Respect the environment. Please don't print this e-mail unless you really
need to.

Le informazioni trasmesse sono destinate esclusivamente alla persona o alla
società in indirizzo e sono da intendersi confidenziali e riservate. Ogni
trasmissione, inoltro, diffusione o altro uso di queste informazioni a
persone o società differenti dal destinatario è proibita. Se ricevete
questa comunicazione per errore, contattate il mittente e cancellate le
informazioni da ogni computer.
The information transmitted is intended only for the person or entity to
which it is addressed and may contain confidential and/or privileged
material. Any review, retransmission, dissemination or other use of, or
taking of any action in reliance upon, this information by persons or
entities other than the intended recipient is prohibited. If you received
this in error, please contact the sender and delete the material from any
computer.

Re: multiple detect call -> different results (tika 1.7)

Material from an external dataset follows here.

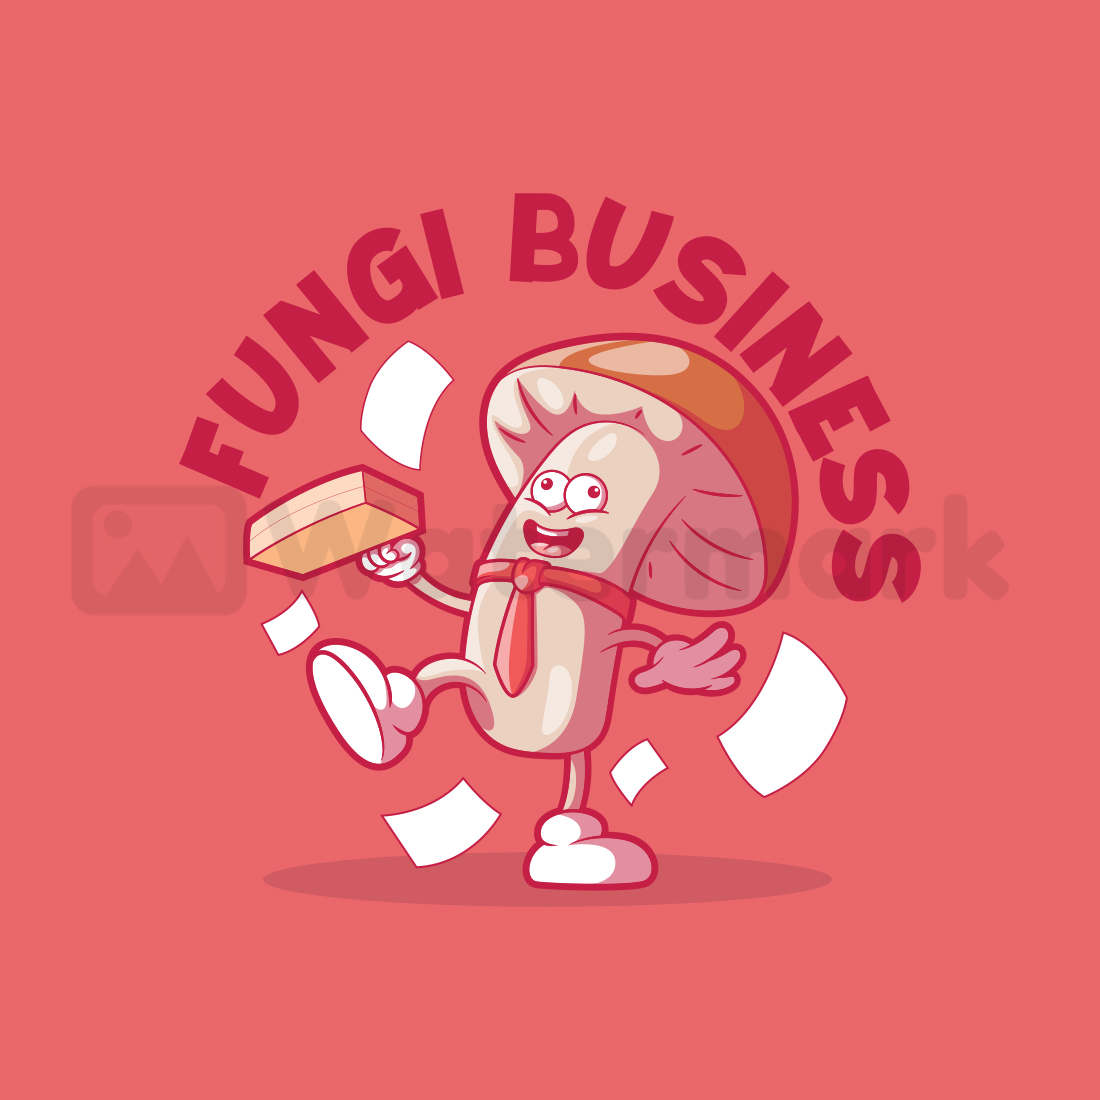 Fungi Business! preview image.

Posted by Konstantin Gribov <gr...@gmail.com>.
Hi, Gabriele.

If you're using InputStream which doesn't support mark/reset tika facade
(org.apache.Tika) creates BufferedInputStream which consumes up to 8k of
original inputStream by default, so Tika mime type detector can't find pdf
magic after first call.

Second case (with copying to byte[]) is similar. If you do this copy before
calling tika.detect, you consume that input stream and subsequent calls on
that stream return application/octet-stream as default mime-type. But all
works fine with bytes since you have full copy of original stream in it.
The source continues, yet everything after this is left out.